В короткое время мы с Данилом Пойтеком очень сдружились. Он рассказал мне, что еще до войны он много бродяжил по всей Европе. Когда я вновь упомянул о бегстве, он мне шепнул:
— Если ты действительно задумал бежать, то обожди, пока доедем до русского фронта. Там сбежим и переберемся через фронт.
Когда под вечер нас под охраной жандармов выпустили, наконец, из вагона, к поезду уже был прицеплен паровоз. Вскоре нас загнали обратно в вагоны.
Пойтек успел разведать, что наш поезд поведут штрейкбрехеры-железнодорожники.
— Наше счастье, — заметил он, — что наш вагон так далек от паровоза.

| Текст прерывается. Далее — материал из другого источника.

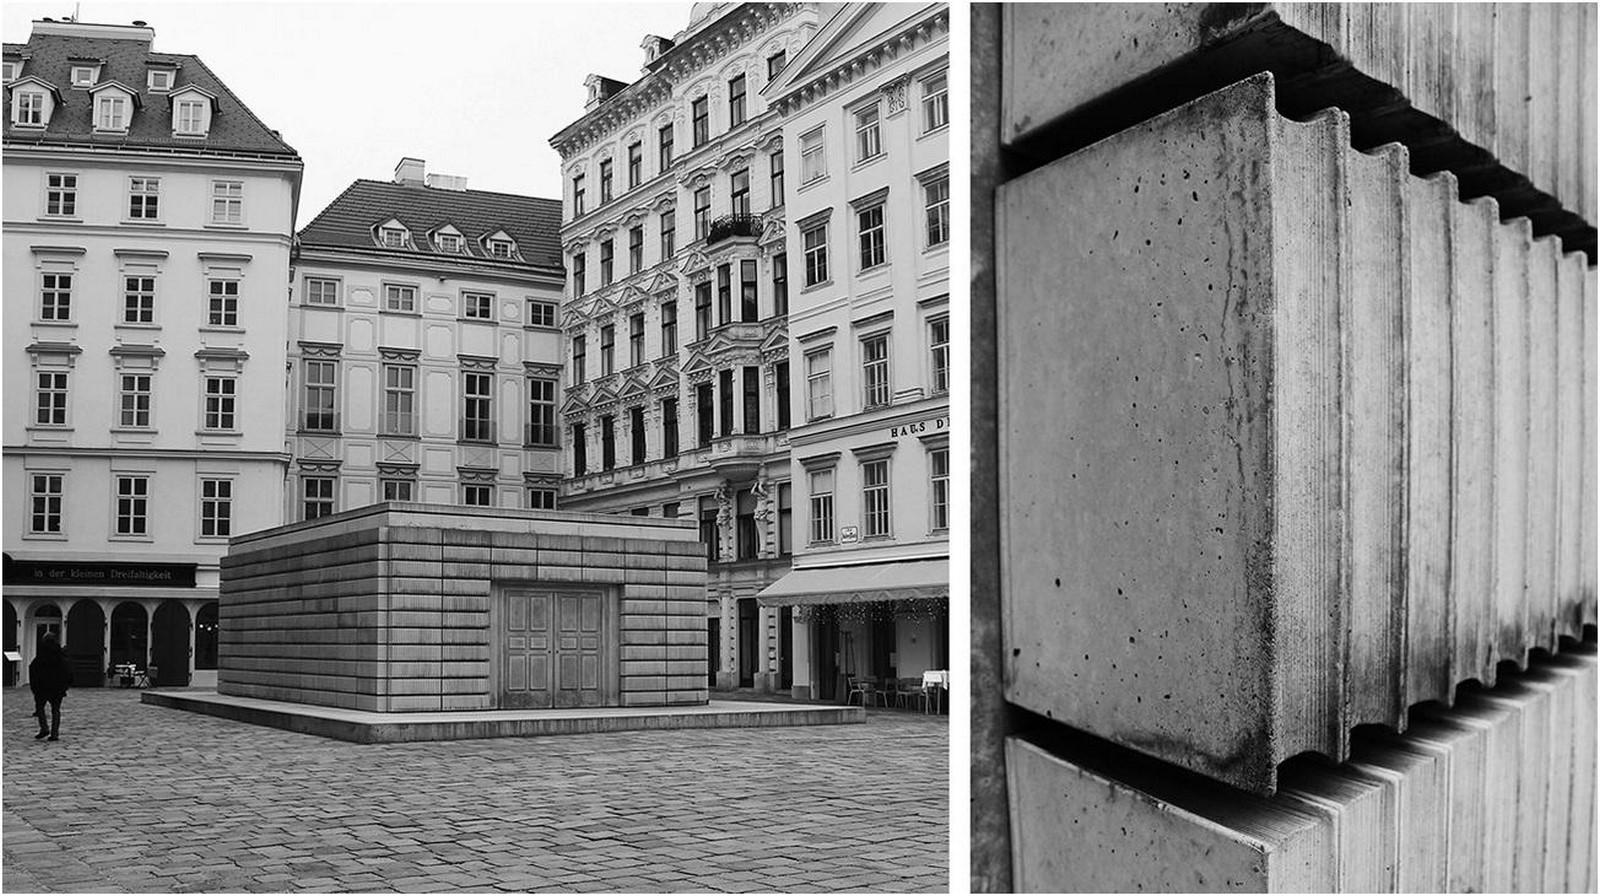 Judenplatz Holocaust Memorial by Rachel Whiteread: A plethora of signs - Sheet1

Поезд очень медленно тронулся вперед: казалось, будто паровоз ощупью прокладывает себе дорогу. Пойтек взобрался к окошечку и стал смотреть в него. Я собирался последовать его примеру, но не ушел еще перешагнуть через лежавших вповалку на полу солдат, как внезапно последовал страшный толчок, вагон закачало из стороны в сторону, раздался оглушительный треск, наш вагон откинуло назад — и затем поезд мгновенно остановился. Длившееся не более секунды безмолвие сменилось неистовыми воплями, ревом, стонами — словно сотни людей гибли где-то поблизости. Мы не понимали, что произошло, и не могли узнать, так как были заперты в своем вагоне. Мы тоже принялись вопить и призывать на помощь. Ружейными прикладами мы стали разбивать стенки вагона.